In assessing the effect of these "omissions", one ought to keep in mind that when Marx discussed the intertwining of the circulation of capital with the reproduction processes that occur in any kind of society, he was primarily concerned with the functional requirements of the capitalist mode of production and not with the reproduction of the whole of society. At any time, a fraction of the population is not working or "economically active" (children, students, the sick and disabled, the unemployed, volunteer workers, housewives, pensioners, idlers, etc.), and assets are maintained or accumulated that are unrelated to the sphere of production. These were generally outside the scope of Marx's analysis, even if he occasionally mentioned them.

==Economic reproduction, economic equilibrium, and economic crises==

Marx's models of economic reproduction in capitalism have often been interpreted as stating the conditions for economic equilibrium, or balanced economic growth. After all, there are certain "necessary proportions" between different branches of production, which have to adjust their output levels to each other. If those proportions do not reach a minimum acceptable level, then products remain unsold or producers cannot obtain the inputs they require, in which case production begins to slow down or break down.

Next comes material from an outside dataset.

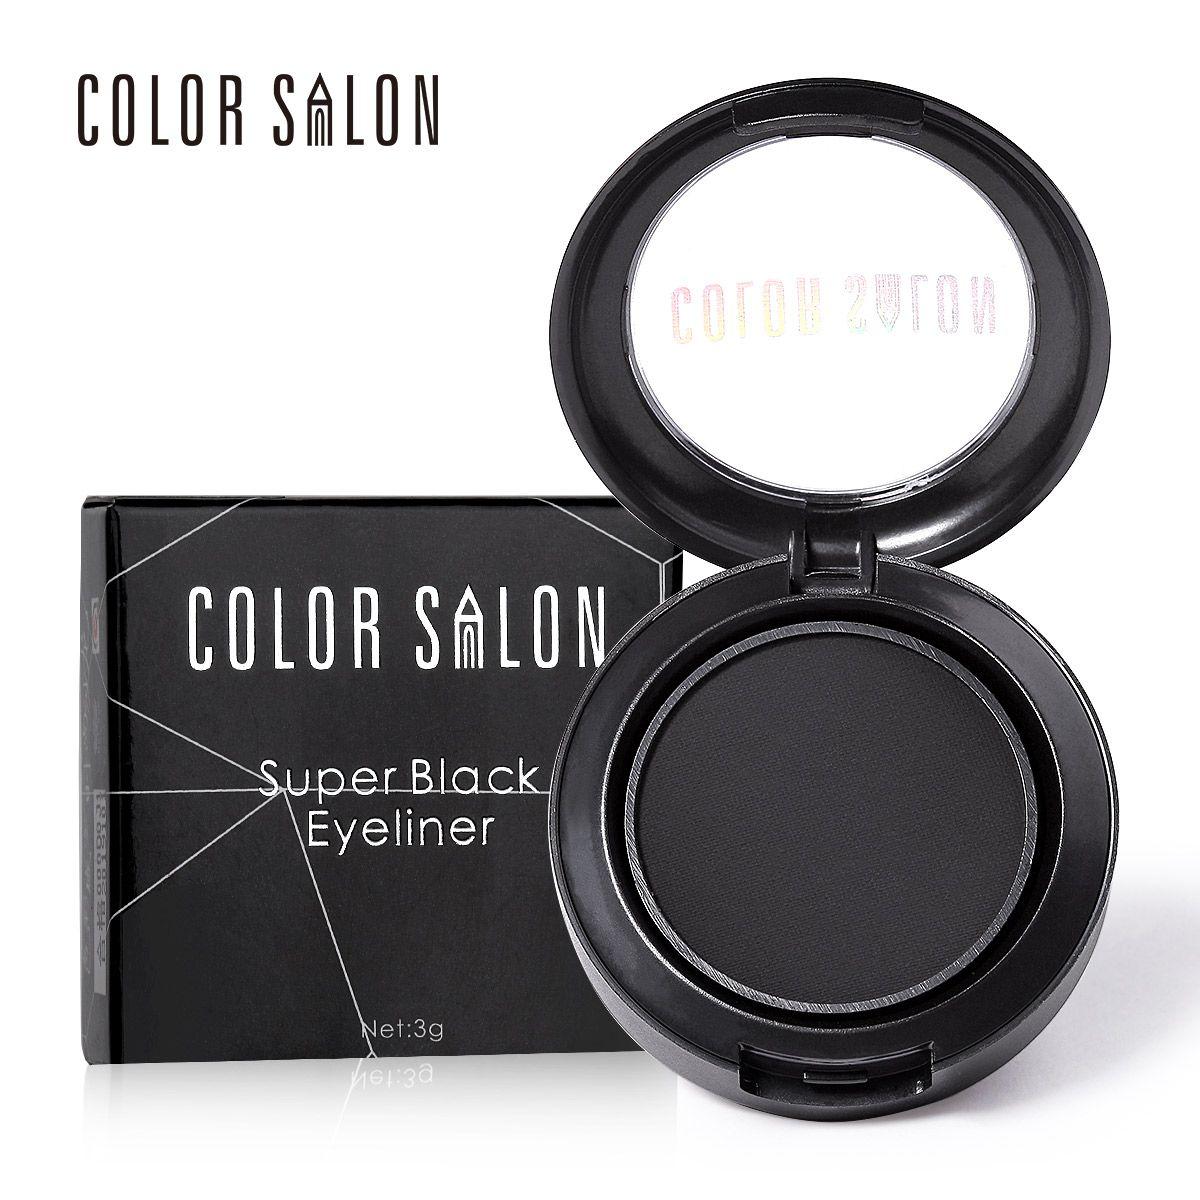 Color Salon Black Eyeliner Powder Long-Wear Eyeliner Gel With Brush 24hours Waterproof Sweat Not Blooming Smudge proof 3g

So there are necessary proportions between production, distribution, and consumption that must be maintained if society is to survive and grow. In this sense, Marx distinguishes between the production of means of production, consumer goods, and luxury goods, and he considers the commercial interactions between the sectors producing them.

If the growth of different sectors of production occurs very unevenly, bottlenecks can occur, so that a supply or demand cannot be met. In the worst case, an interruption in the normal reproduction process triggers a sequence of disturbances, a chain reaction, which spreads from some branches of production to the whole economy, meaning that products are left unsold and that producers receive insufficient income to pay their bills. The result is rising unemployment, idle productive capacity, and a drop in output and productive investment. This in turn means lower economic growth.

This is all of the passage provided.